The experiments of the number of fixed entries, the page occupancy space and the number of the change in the dimension are shown in **Fig. 6**. Due to no change in the page size, resulting in a reduction in the number of entries stored per page, the decrease of B leads to the increase of O(\(\frac{N}{B}\)), whose relationship is correctly reflected in the figure. Finally, the statistics and comparison of external memory space are shown in** Fig. 7**. It can be seen that MCRI-Tree further improves the space utilization of the whole system compared with aBB-Tree.

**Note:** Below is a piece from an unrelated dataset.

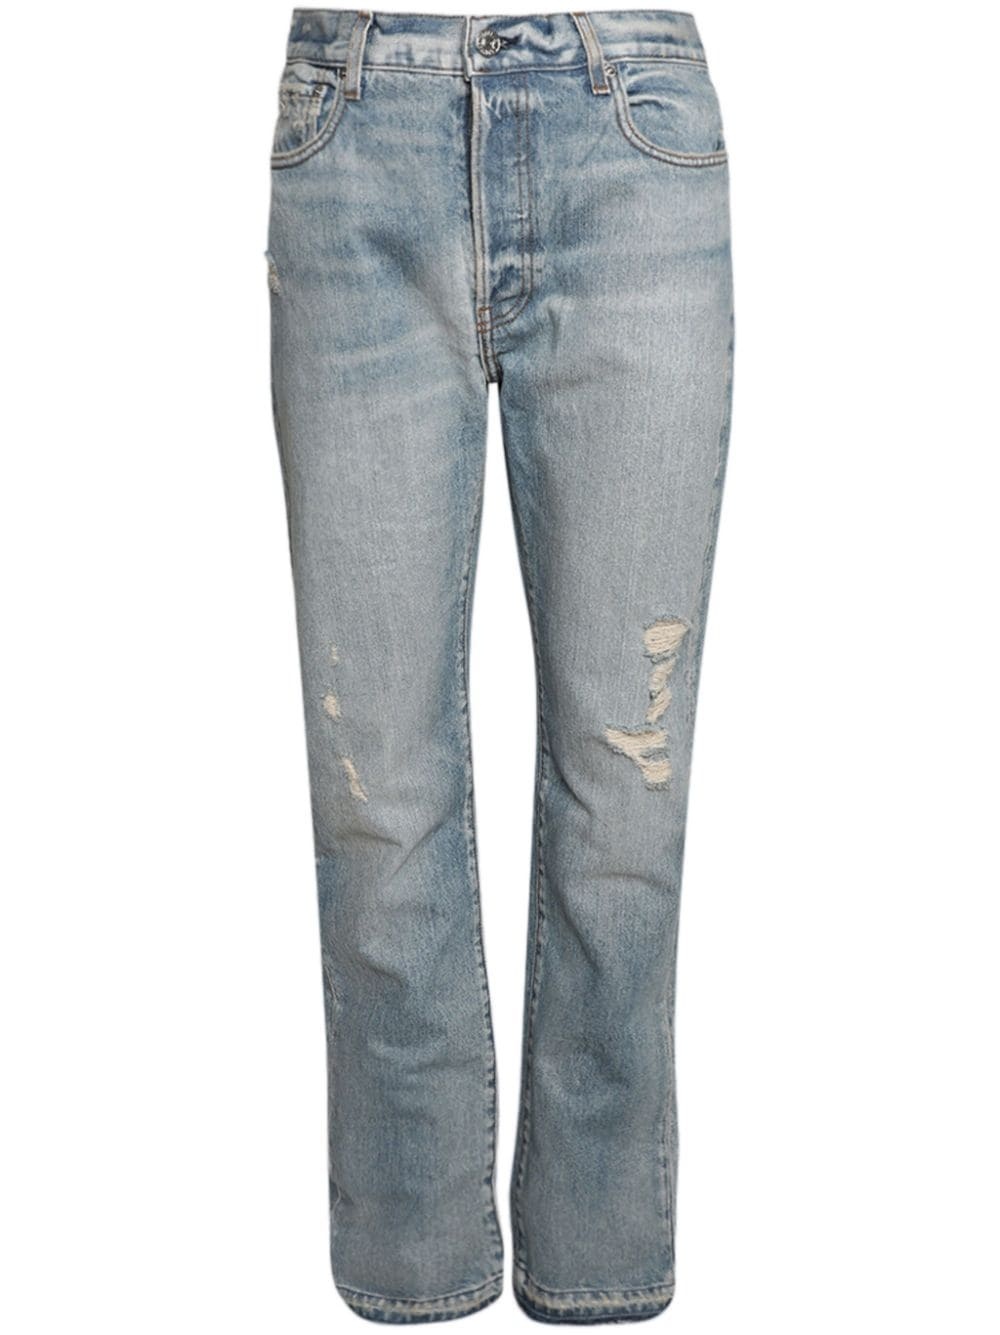 South Pointe 5001 jeans - 1

**Fig. 6. External memory footprint of MCRI-Tree changed with dataset size**

**Fig. 7. Memory footprint of MCRI-Tree changed with the dimension**

# 5. Conclusion

On the basis of the original aggregation query problem, the past work has proposed categorical aggregation query problem, and the corresponding aggregation index structure aBB-Tree is proposed to solve the query problem. However, categorical aggregation index has some limitations, which can’t execute range aggregation query for multi-dimensional constraints. In order to solve this problem, we proposed a new index structure called MCRI-Tree. MCRI-Tree is based on the internal and external memory hybrid mechanism, which can answer the categorical aggregation query problem in (O)(\(d\left(\frac{N}{B}\right)^{\frac{d-1}{d}}\))I/Os, respectively while occupying \(O\left(\frac{\min \{d, B\} N}{B}\right)\) of memory space and O(N) of the external memory space, where d is the number of dimensions, N is the total number of elements, B is the number of elements which can be stored in a single disk page. In particular, d= 1, only O(1) I/Os is needed, and \(O(d \sqrt{\frac{N}{B}})\) I/Os is only required for d = 2. The result of the experiment proved this conclusion, and at the same time proved that space occupied by its internal and external memory was acceptable for a system, and illustrated its feasibility.